Due punti, 15-13, che hanno deciso uno scudetto dopo una serie dura, combattuta e infine spietata come lo sport e le sue regole sanno essere. Ma è proprio in questi momenti, indigeribili, che si deve reagire, come recita il finale del capolavoro di Rudyard Kipling.
«Se riuscirai a riempire l'attimo inesorabile/ e a dar valore ad ognuno dei suoi sessanta secondi,/ allora il mondo sarà tuo, con quanto contiene, /e - quel che è più - tu sarai un Uomo, ragazzo mio!».
Ieri, a giudicare dalla reazione sportivamente composta dei giocatori dell'Itas dopo una sconfitta bruciante, come può essere quella di uno scudetto che se ne va per un paio di punti persi, quei ragazzi sono diventati uomini.
Il match è stato epico. Con tutti i crismi della tragedia, il fascino della rivincita, il tormento dell'ultimo urlo, quello liberatorio, strozzato in gola. Lo avevano strozzato, quell'urlo, i piacentini, mercoledì scorso, durante gara quattro quando, in vantaggio per due a uno nella serie, si sono visti affogare la speranza di festeggiare nel loro palazzetto da una prestazione spettacolare dell'Itas.

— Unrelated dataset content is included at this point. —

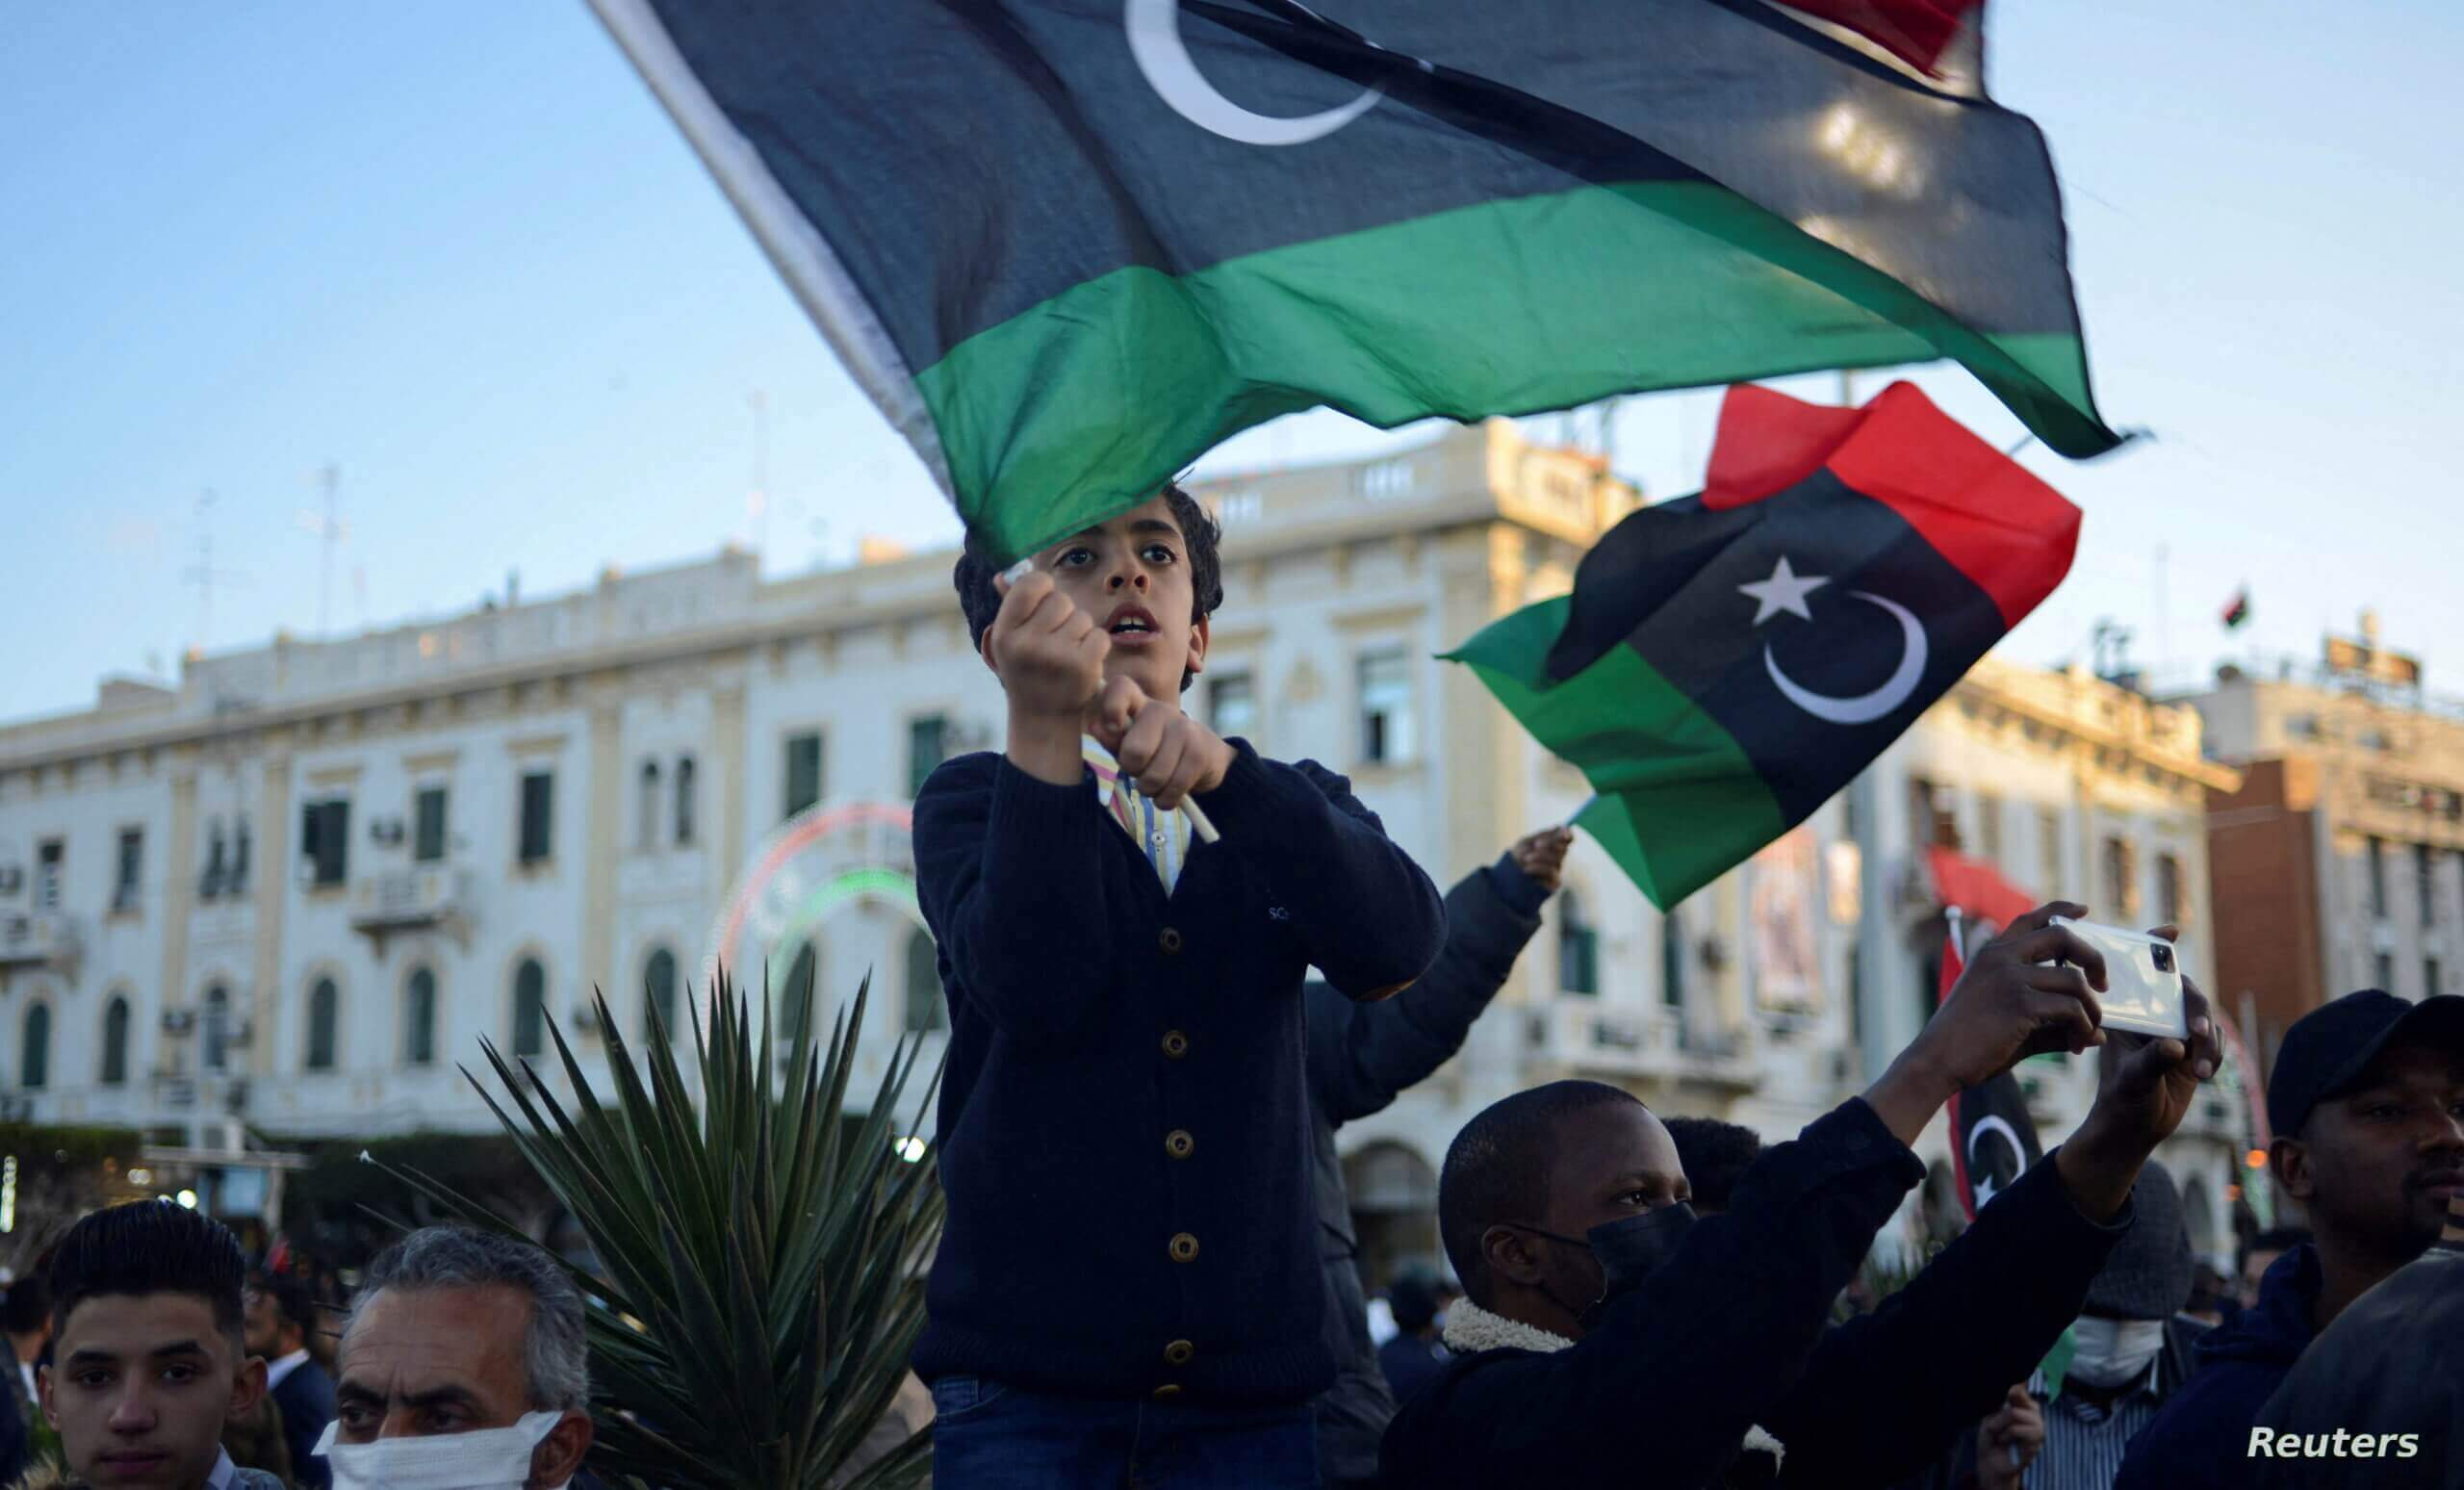 The "Libyan citizen" suffers and pays alone the bill for the crisis that is afflicting the country

Condotta da uno Stoytchev che come Ulisse contro il Ciclope s'è inventato lo stratagemma dei cambi tattici, con Dore Della Lunga e Riad in campo dall'inizio al posto di Michal Winiarski e Marco Piscopo, l'Itas se n'era tornata a Trento con un risultato eccezionale. E la consapevolezza di potersi giocare davanti ai suoi tifosi - ieri 4.600 persone al PalaTrento - la partita decisiva. A Piacenza era rimasto quell'urlo strozzato, che ormai nessuno aveva più il coragvgio di ricordare. Come invece ricordavano, rimuginavano, forse addirittura sognavano quella frase che, coniata dall'allenatore dell'Inter José Mourinho, ora sta andando molto di moda: «zero tituli». E questo era il proemio epico di questa sfida: Piacenza che era stata finalista tre volte consecutive e che rischiava di essere, ancora una volta, seconda.

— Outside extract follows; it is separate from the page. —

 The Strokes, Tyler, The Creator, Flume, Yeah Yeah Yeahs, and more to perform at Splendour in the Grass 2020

A Trento, si pensava già ad Achille ed Ettore. Achille, spietato, che dimostra sul campo di battaglia la sua superiorità su Ettore. Così hanno preparato il trionfo. Bandiere, scudetti già disegnati, vessilli tricolore esibiti in tribuna. Contemplando anche, secondo tutti i crismi dell'epica classica, il ruolo degli dei: «Neanche Hristo vi salverà», inneggiava uno striscione nella curva trentina. Un po' meno apocalittici, ma sempre legati alle Sacre scritture, i tifosi giunti apposta da Ostra (Ancona) per sostenere Andrea Bari: «Chi volete libero? Bari o Barabba?».
La bellezza di Ri-Adone, in campo dall'inizio e autore immediatamente di un paio di muri superbi, le battute ritrovate di Kaziyski e i filotti vincenti di Della Lunga, il rapporto quasi carnale che l'opposto trentino Leandro Vissotto stabilisce tra i suoi servizi e il nastro della rete, poi, fa apparire quasi palpabile che gli déi dovevano essere con Trento.

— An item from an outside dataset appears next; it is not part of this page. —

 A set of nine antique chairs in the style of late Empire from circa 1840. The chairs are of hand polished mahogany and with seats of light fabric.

Poi qualcosa s'incrina. S'insinua il blasfemo. Assolutamente manifesto quando tra la folla gialloblù inferocita e l'auriga-presidente Guido Molinaroli inizia un battibecco a suon di gestacci e cori irriverenti. Deve intervenire anche il numero due della lega Volley Massimo Righi per sedare gli animi e per ricordare che il romanzo dello scudetto si sta scrivendo in campo, non sulle tribune. «È tutta gente di cuore, e assolutamente perbene. Ma in certi casi bisogna riportarli un po' all'ordine», racconterà in seguito.
Zlatanov, che di nome fa Hristo, pensa però di rivedere il finale. Ettore che batte Achille. Nel quarto set, sul 12-13, va in battuta e non bacia il pallone, come fa sempre. No, stavolta gli parla. Frasi carine, suppongo, visto che fa un ace. Poi un altro e dunque un altro ancora, fino al 12-16. È il preludio al tiebreak decisivo. E chi di tiebreak ferisce, stavolta, dopo cinque successi e una sconfitta, di tiebreak perisce.
Quando ormai il duello finale è all'ultimo sangue, sul 13-11 per Trento deve andare in battuta l'angelo sterminatore Matey Kaziyski. Il general manager Beppe Cormio ha in mano il pallone e prima di darlo allo schiacciatore bulgaro lo bacia, a lungo. Poi però, quando è il momento di servire, l'ignaro Kaziyski ne sceglie un altro.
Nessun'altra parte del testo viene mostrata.